On 22 November 2023, the Central Electoral Commission of Moldova (CEC) ruled three settlements would hold new elections in May 2024.

==Election results in Chișinău==
===Chișinău Mayor===

| Candidate |  | Party | Votes | % |
|  | Ion Ceban (incumbent) | National Alternative Movement | 132,803 | 50.62 |
|  | Lilian Carp | Party of Action and Solidarity | 74,074 | 28.23 |
|  | Adrian Albu | Party of Socialists of the Republic of Moldova | 11,876 | 4.53 |
|  | Victor Chironda | Dignity and Truth Platform | 10,011 | 3.82 |
|  | Vasile Bolea | Revival Party | 6,334 | 2.41 |
|  | Vasile Costiuc | Democracy at Home Party | 5,518 | 2.10 |
|  | Diana Caraman | Party of Communists of the Republic of Moldova | 4,456 | 1.70 |
|  | Ruslan Codreanu | Ruslan Codreanu Electoral Bloc | 3,685 | 1.40 |
|  | Others | Other parties and independents | 13,596 | 5.18 |
| Total |  |  | 262,353 | 100.00 |
Source: Central Electoral Commission

===Chișinău City Council===

| Party |  | Votes | % | Seats |
|  | National Alternative Movement | 85,553 | 33.25 | 20 |
|  | Party of Action and Solidarity | 84,615 | 32.88 | 20 |
|  | Party of Socialists of the Republic of Moldova | 24,816 | 9.64 | 6 |
|  | Party of Communists of the Republic of Moldova | 11,465 | 4.46 | 2 |
|  | Revival Party | 6,793 | 2.64 | 1 |
|  | Dignity and Truth Platform | 6,583 | 2.56 | 1 |
|  | Our Party | 4,429 | 1.72 | 1 |
|  | Democracy at Home Party | 3,583 | 1.39 | 0 |
|  | Ruslan Codreanu Electoral Bloc | 3,454 | 1.34 | 0 |
|  | Party of Development and Consolidation of Moldova | 3,122 | 1.21 | 0 |
|  | Coalition for Unity and Welfare | 2,415 | 0.94 | 0 |
|  | Party of Change | 1,961 | 0.76 | 0 |
|  | We Build Europe at Home Party | 1,865 | 0.72 | 0 |
|  | Respect Moldova Movement | 1,758 | 0.68 | 0 |
|  | For People, Nature and Animals | 1,620 | 0.63 | 0 |
|  | Liberal Democratic Party of Moldova | 1,539 | 0.60 | 0 |
|  | European Social Democratic Party | 1,505 | 0.58 | 0 |
|  | Liberal Party | 783 | 0.30 | 0 |
|  | Common Action Party – Civil Congress | 693 | 0.27 | 0 |
|  | National Moldovan Party | 623 | 0.24 | 0 |
|  | People's Will | 617 | 0.24 | 0 |
|  | Alliance of Liberals and Democrats for Europe | 580 | 0.23 | 0 |
|  | Movement of Professionals "Speranța-Nadejda" | 501 | 0.19 | 0 |
|  | Alternative and Salvation Force of Moldova | 472 | 0.18 | 0 |
|  | Patriots of Moldova | 441 | 0.17 | 0 |
|  | National Liberal Party | 365 | 0.14 | 0 |
|  | Ecologist Green Party | 334 | 0.13 | 0 |
|  | League of Cities and Communes | 276 | 0.11 | 0 |
|  | NOI | 218 | 0.08 | 0 |
|  | Independents | 4,328 | 1.68 | 0 |
| Total |  | 257,307 | 100.00 | 51 |
Source: Central Electoral Commission

==External observers==
Moldova's CEC accredited 401 international observers for the election.
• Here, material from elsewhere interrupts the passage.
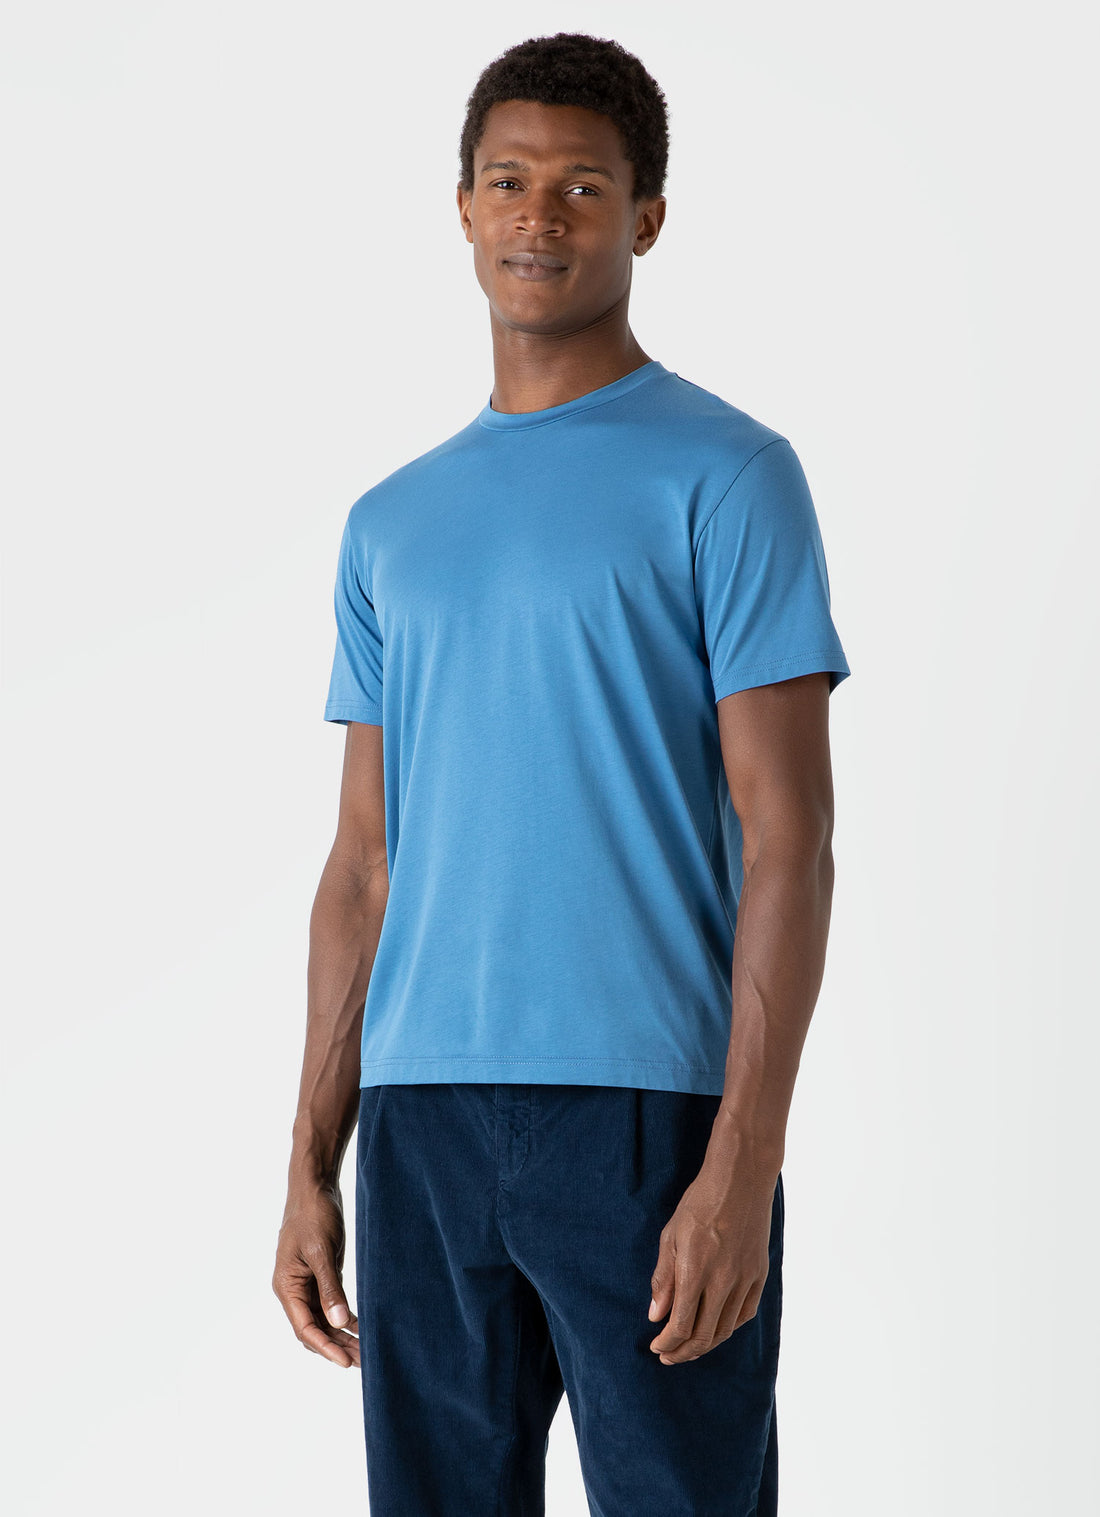 Men's Riviera Midweight T-shirt in Blue Jean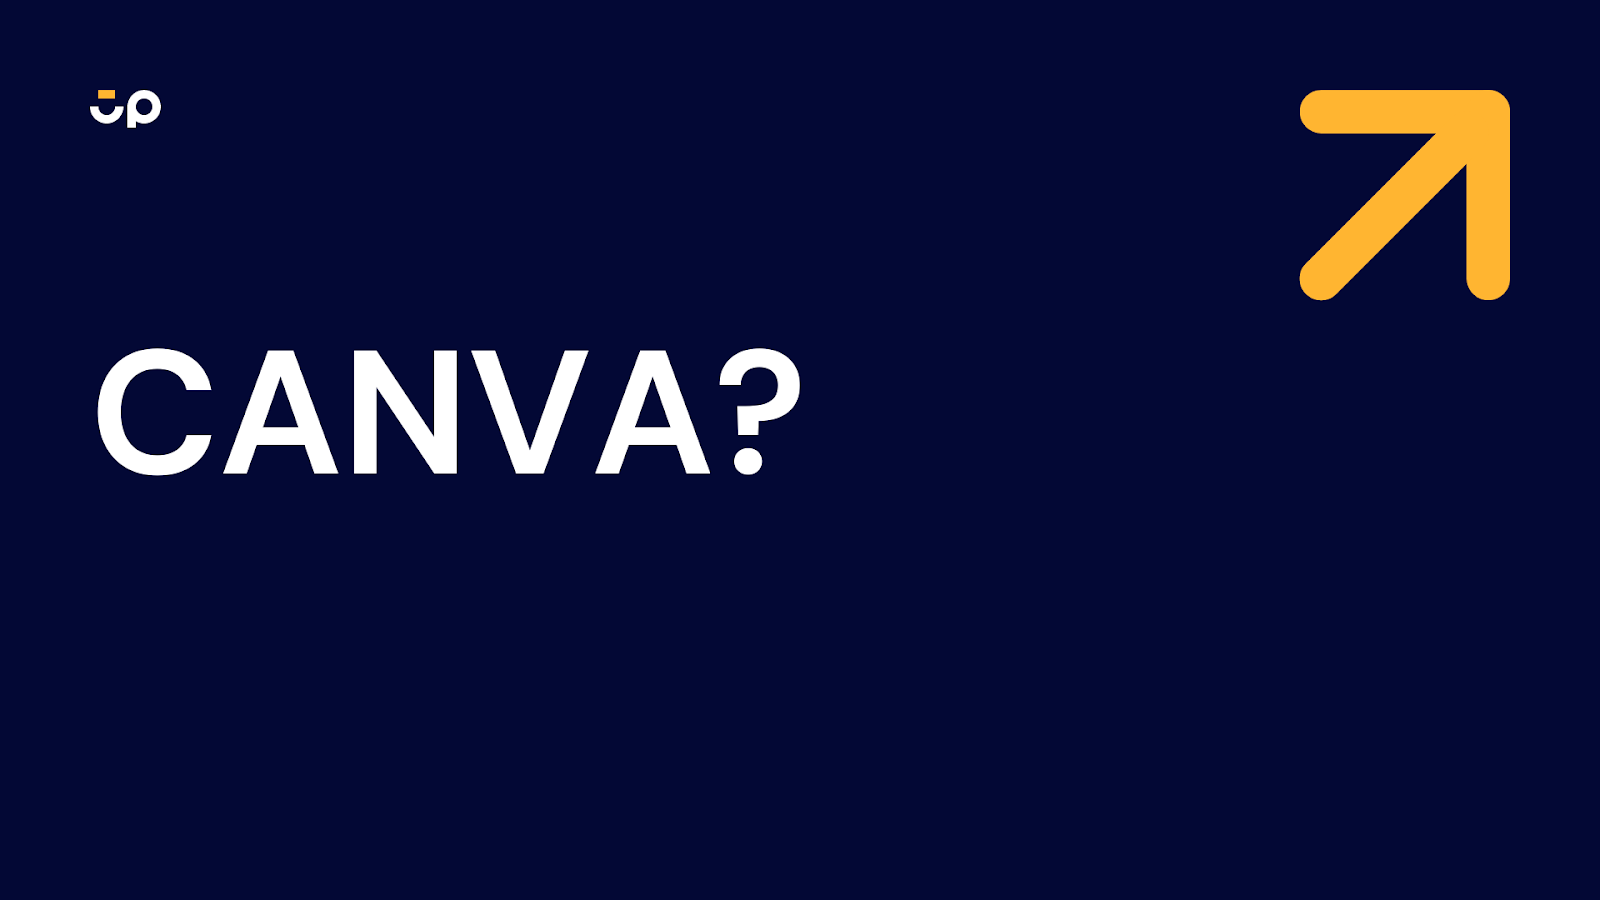 Apa itu Canva?

The Organization for Security and Co-operation in Europe (OSCE) was an observer organization, with 264 observers from 36 countries. Their opinion on the election was that: "The elections were calm and efficiently managed with candidates mostly able to campaign freely, but the broad powers of the government commission for exceptional situations were used to restrict freedom of speech and association as well as the right to stand, while interference from abroad and widespread allegations of vote buying throughout the campaign were of concern".

The 5 November local elections were peaceful and managed efficiently, reported OSCE, but noted that interference from abroad and restrictive measures imposed due to national security concerns had a negative impact on the process. Observers noted credible, persistent, and widespread allegations of the use of illegal funds for vote buying, linked to the leader of the dissolved Șor Party, and the use of foreign private sponsorship to fund local infrastructure projects in some districts, to gain votes.

==Post-election events==
An appeal to the Chișinău Court of Appeal after the local elections by the Chance party in December 2023 led to a reversal of the ban of 600 candidates removed from the November ballot. This lifting of the ban was reversed on 4 October 2023 by the Exceptional Situations Committee, which stated that any former member of the Șor party who had been charged, indicted, or under suspicion of committing criminal acts would be banned from participating in the elections. The bans on 21 candidates were amended on 4 October 2023 to a prohibition on running for three years.